On April 15, 1991, Tevedos was replaced by América Te Ve, but Eurnékian's biggest change would be in facilities. In 1994, what was now known as América 2 moved its studios—and, more importantly, its transmitter—to the Palermo neighborhood of Buenos Aires, improving its over-the-air reception and becoming the first of the major Argentinian broadcasters to possess digital television equipment. Within two years, the name would change again, to América Televisión (or just América).
In 1995, the first season of Caiga Quien Caiga was broadcast on América 2; it later moved to Canal 13, then Telefe.
Eurnékian pulled out of his multimedia ventures during the 1990s; in 2000, the station became part of a group controlled by Carlos Ávila and his family. Ávila had created Torneos y Competencias, the longtime rights holder to Argentinian soccer and producer of other sports events. Under Ávila, América's programming would have a strong emphasis on sports and news.
In 2002, a major economic crisis almost carried the channel into bankruptcy; the Ávila family connected América to the Grupo Uno multimedia company, and after a reorganization, the station was able to emerge from bankruptcy and maintain its license, despite a strong challenge mounted by Héctor Ricardo García.

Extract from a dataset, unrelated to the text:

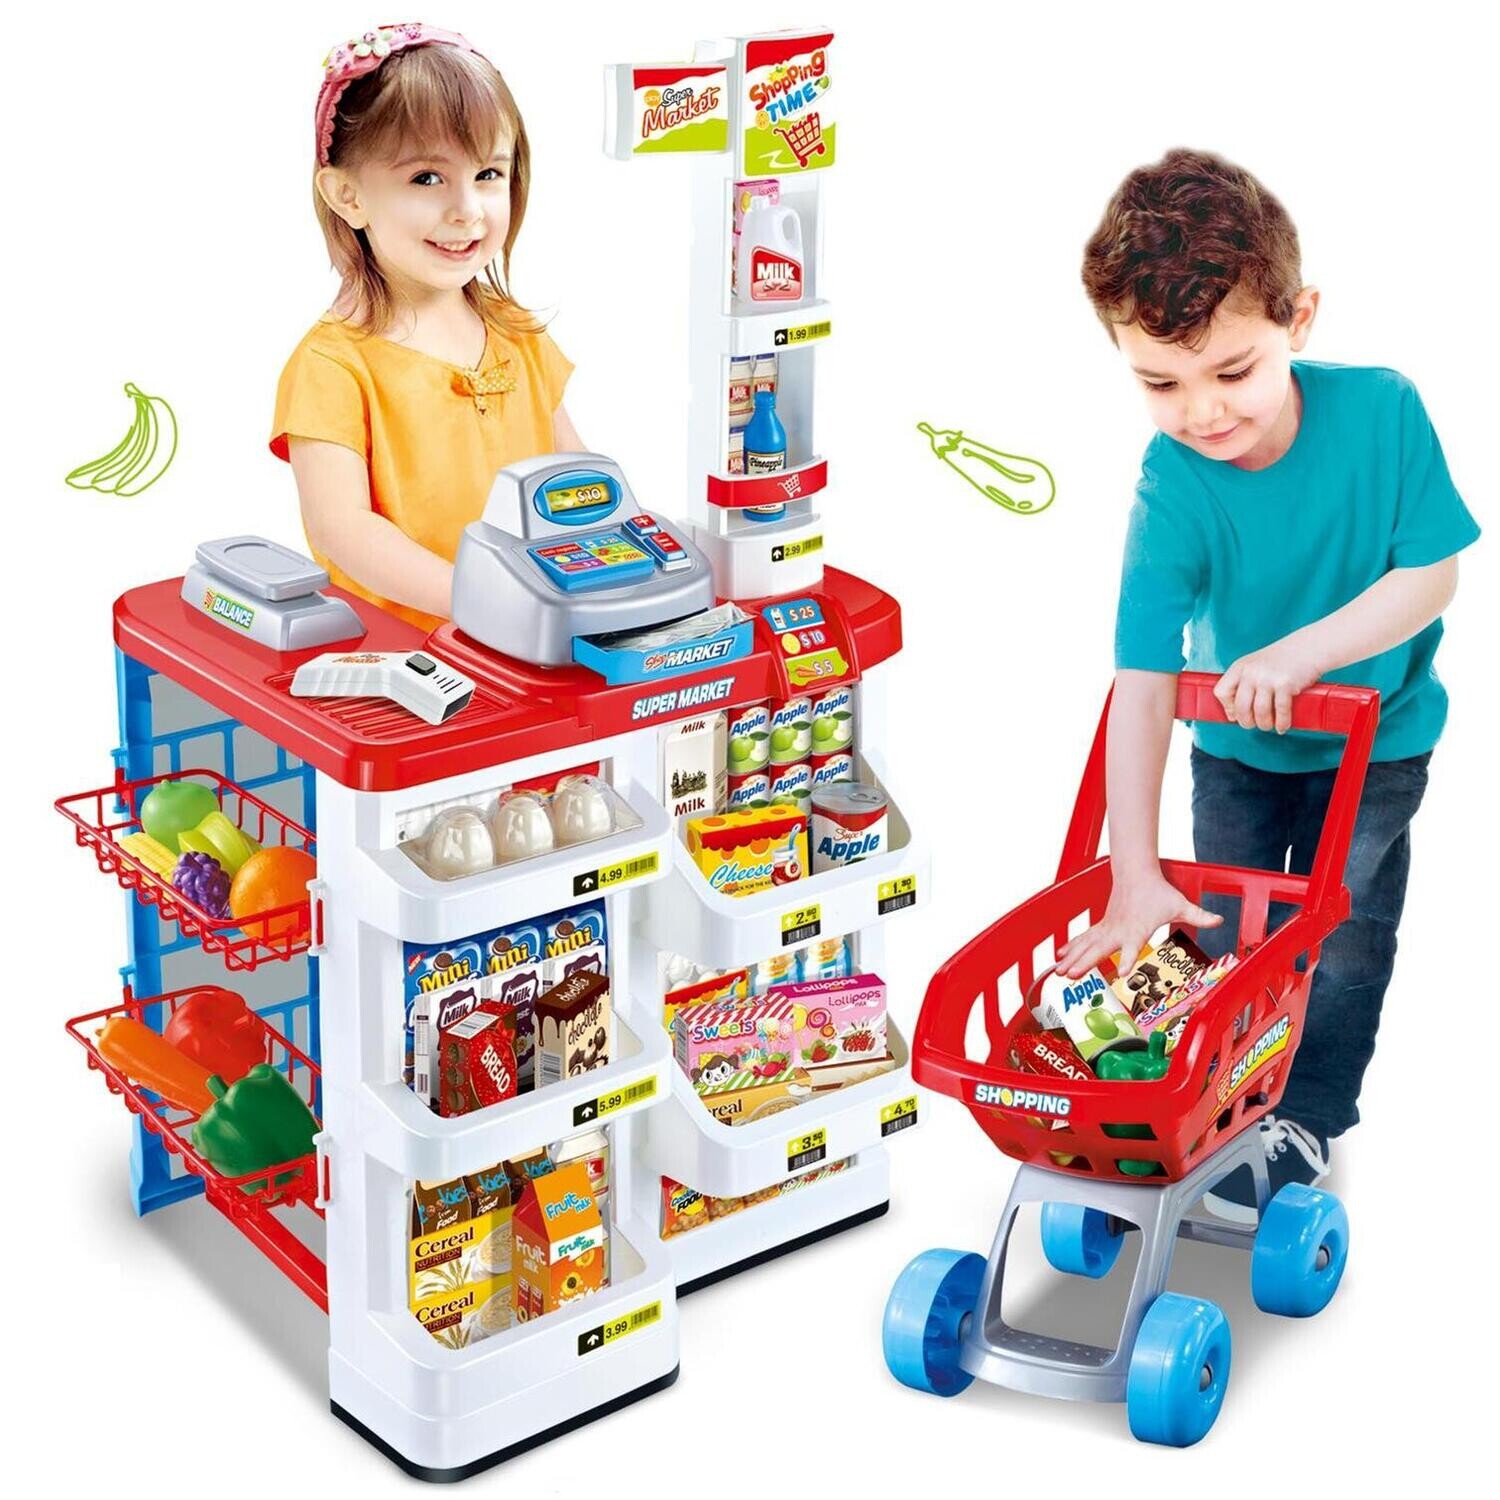 Shopping House Market Kids Toy Cash register - Portable Accessories For Toddler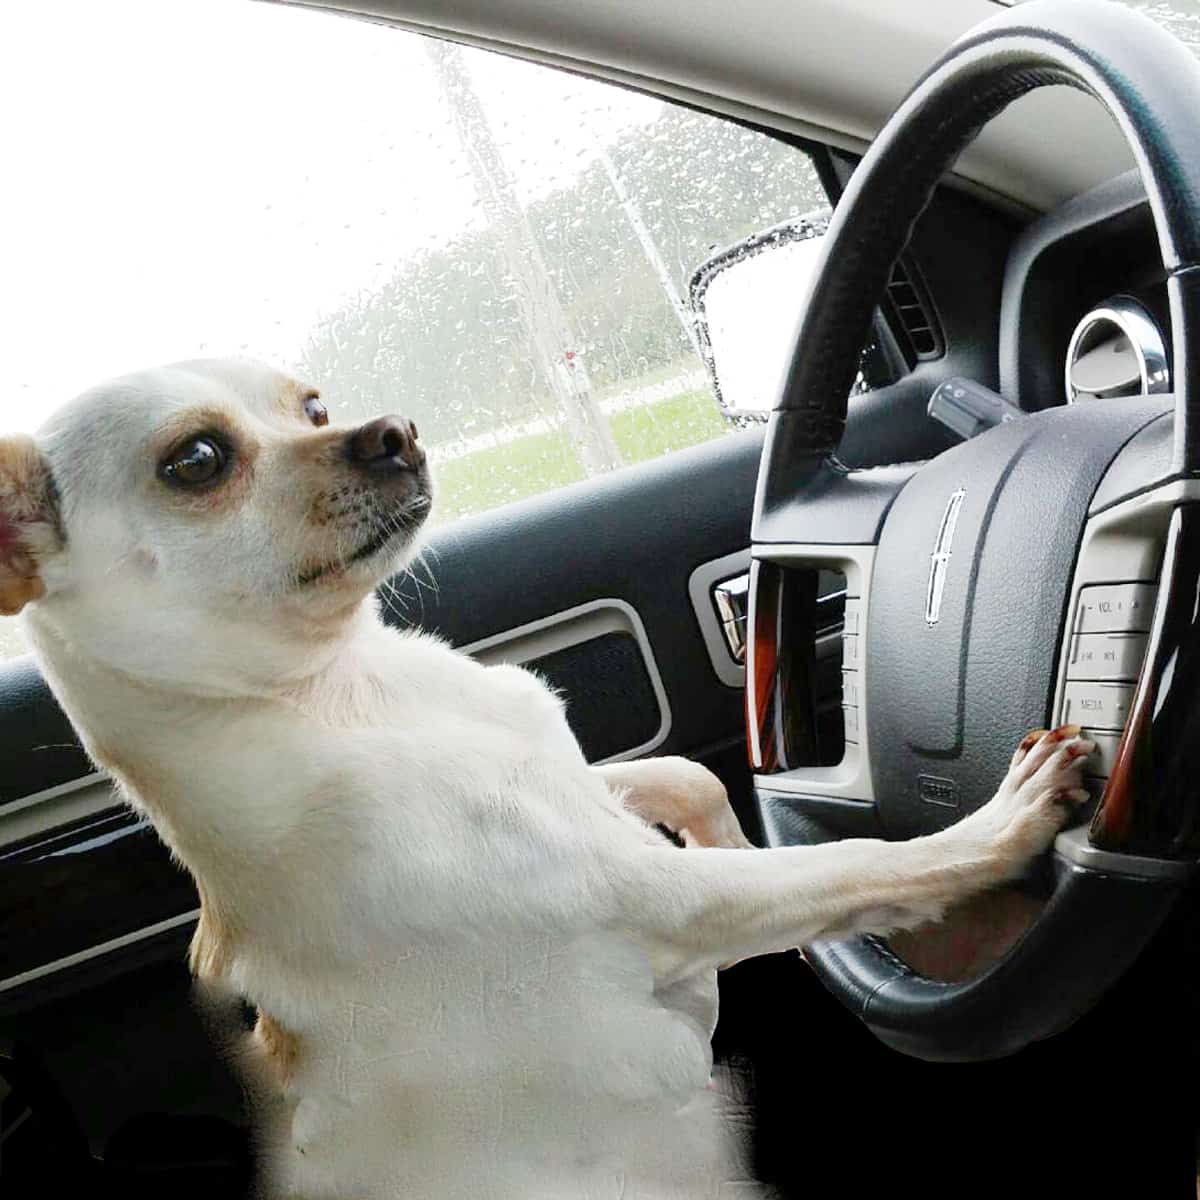 A dog with his paws on a steering wheel.

In 2005, two of the most popular programs on the network moved to Canal 13 after the program Televisión Registrada invited a guest who had been charged with bribing the Argentinian Senate. The station's news director apparently refused to allow the program to air, and as a result, both Television Registrada and Indomables left América. In 2007, Francisco de Narváez bought a majority stake in the channel.
Currently, América occupies fourth place in the ratings, slightly behind Canal 9 in the competition for third place.